Alaeda looked back. The firelight blinded her. She saw Phytos and a few other guards fighting, though what or who, she couldn’t make out.
She took a few steps back. Several shapes burst up from the sand on all sides. They were stunted things, hideous mockeries of men, flabby faces and knobby features. Each one shrieked and hooted as it closed. One shouted, “Charge the blood!”
They grasped for her, claws extended. Alaeda punched the first in the face with her spear. She lifted it, but the weapon snapped. A second rubbery monster, a few paces away, howled and stamped its feet. As it did, crackling blue energy danced across the sand, fusing it into glass. The light built until it was too much to look upon, and just as Alaeda turned away, the energy coalesced into a burning claw. It snaked out and wrapped around her. She was helpless to resist the jolting pain, the agony making it a struggle to fight against its pull. She screamed and stumbled but somehow managed to draw her sword from its scabbard. When she got close enough, she slashed. The blade bit. The monster’s magic leaped away into the desert, bursting a dune one hundred paces away. Alaeda stumbled again but recovered enough to plunge the blade through the creature’s throat.
Alaeda regained her feet and surveyed the battle. The other enemies had already moved into the camp. More erupted into lightning. Actinic blasts blew men to chunks of meat. Other monsters attacked with claws. Flesh curled into ribbons beneath their assault.
Alaeda caught her breath. She charged the nearest enemy, catching it by surprise. One stab into its neck and she pulled the blade free in one smooth motion.
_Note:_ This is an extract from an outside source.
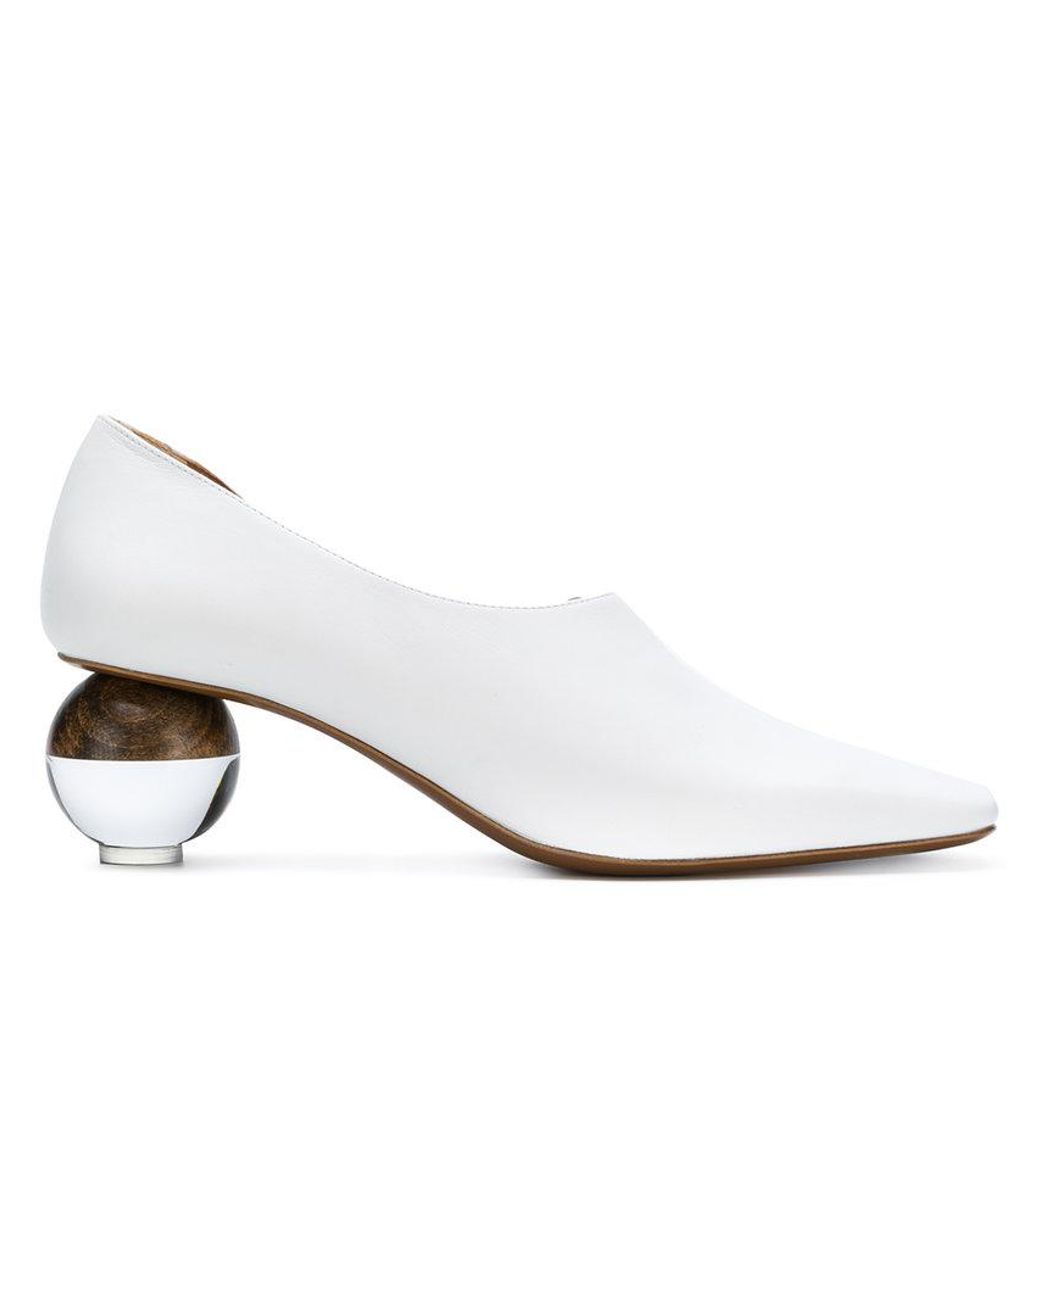 Neous Leather Ball Heel Pumps in White Lyst Australia

Crimson strings of blood flew in the air to splash onto the sand.
She spied Phytos as she searched for another enemy. He was caving in skulls with his stone-headed mace, but there were too many. He fell back. He called to the other guards to form up into ranks. Alaeda stepped up to join him but saw a hideous monster leading two smaller wretches, each crackling with energy, toward Talara and her dwarf slave. Talara and the dwarf had slain two monsters, but they had paid with blood. Numerous cuts bled. The new threat was bigger than the rest. Each step he took caused the sand to rumble with violent force.